It takes about six days for a hacker to create an exploit that takes advantage of an announced vulnerability. Moreover, between January 1 and June 30, 2004, there was an average of 48 new vulnerabilities per week – the equivalent of more than seven new ones a day. Some 70 percent of these vulnerabilities were considered easy to exploit, and 96 percent thought moderately or highly severe.
These trends, reported by Symantec in its sixth bi-annual Internet Security Threat Report and other findings from a very recently released business continuity survey by SunGard, bring to mind Edvard Munch's famous painting The Scream. Given the churning tornado of infosec issues menacing businesses on each passing horizon, I'm sure the painting is emblematic of what many security pros feel like as they try to secure their companies' critical data on a daily basis.
And it seems the stuff fuelling this increasingly scary internet weather pattern is never-ending, according to Symantec and other IT security companies.
So what are companies doing about the growing number of bots, the plethora of Windows vulnerabilities, rising Linux holes, phishing and spyware attacks, adware and the potential for mobile device malware?

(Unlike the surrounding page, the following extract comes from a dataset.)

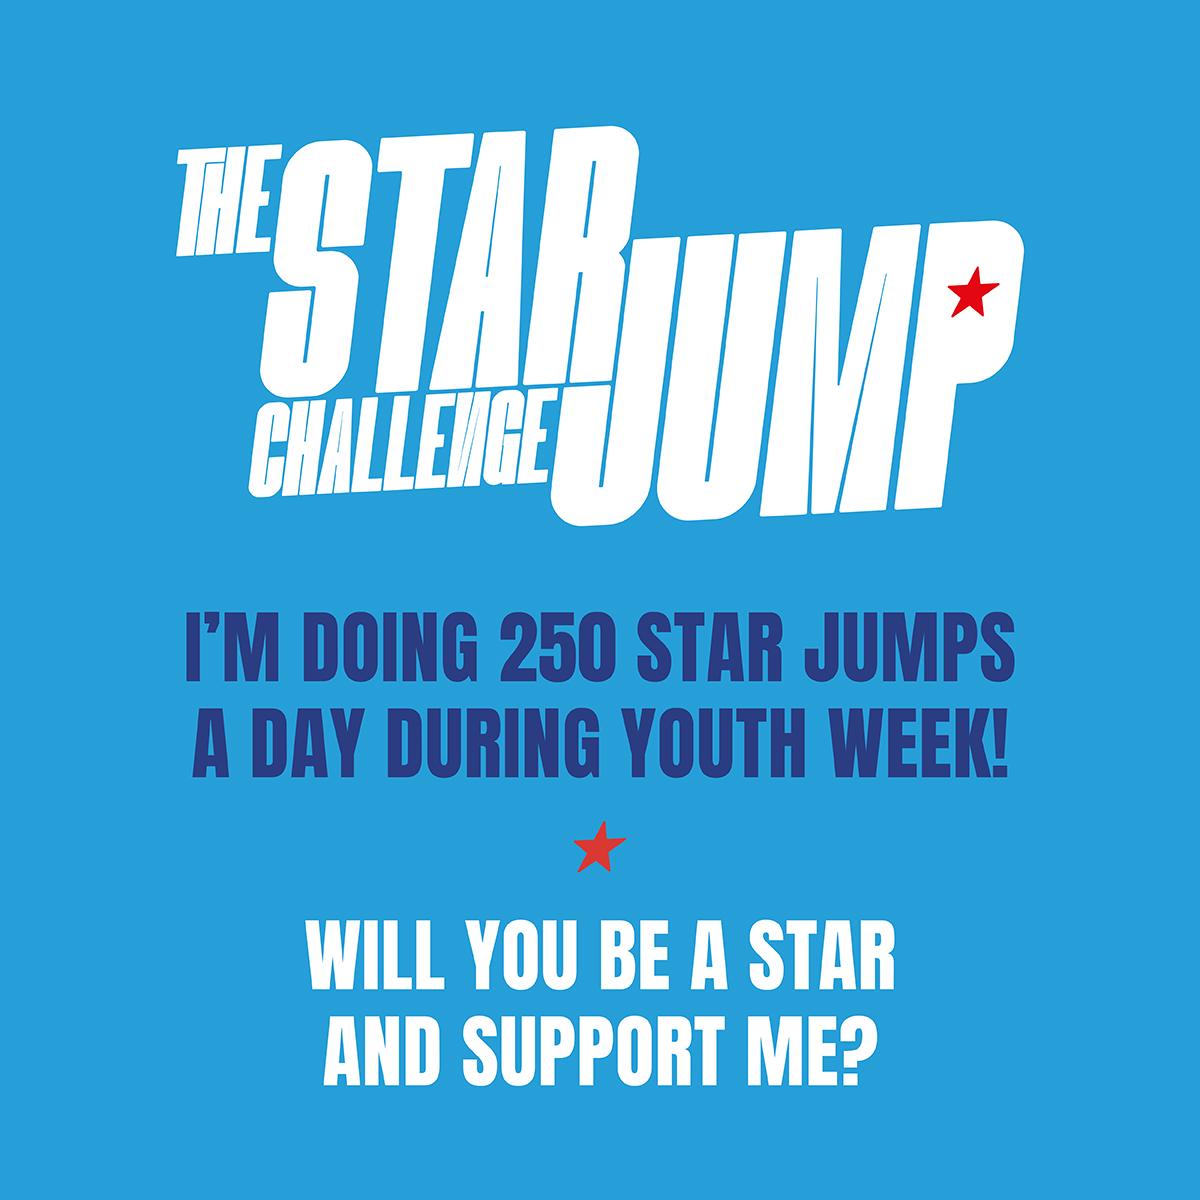 Social Tile 9 - Support - 250 Star Jumps

Well, in a separate Harris Interactive Survey commissioned by SunGard Availability Services, the results of which were released in late September, not much.
The study revealed that C-level executives' perceptions about their abilities to recover from system interruptions don't match up to reality. While those surveyed gave themselves a 'B' average on their ability to access business-critical information quickly after a disaster, the actual results of the survey offered only a slight upgrade over last year's grade of C+.
Respondents, of course, voiced concern over power outages and other disruptions, but the survey showed a distinct rise in worries over hackers. And although 36 percent of executive leaders stated that their company considers computer hackers to be the biggest threat to business-critical information access, about one-third of those surveyed say they have failed to test systems they have in place to assure such access in the past six months.
Yet, according to the results, no increases in resources are being allocated to address these issues. And this is the crux of the problem. Without the resources, without buy-in from the top, without an overall security plan and business continuity program, companies will never be able to fight a growing whirlwind of attacks.
Even Munch had to confront his demons. In its play on the internet, the corporate world has plenty of these to overcome.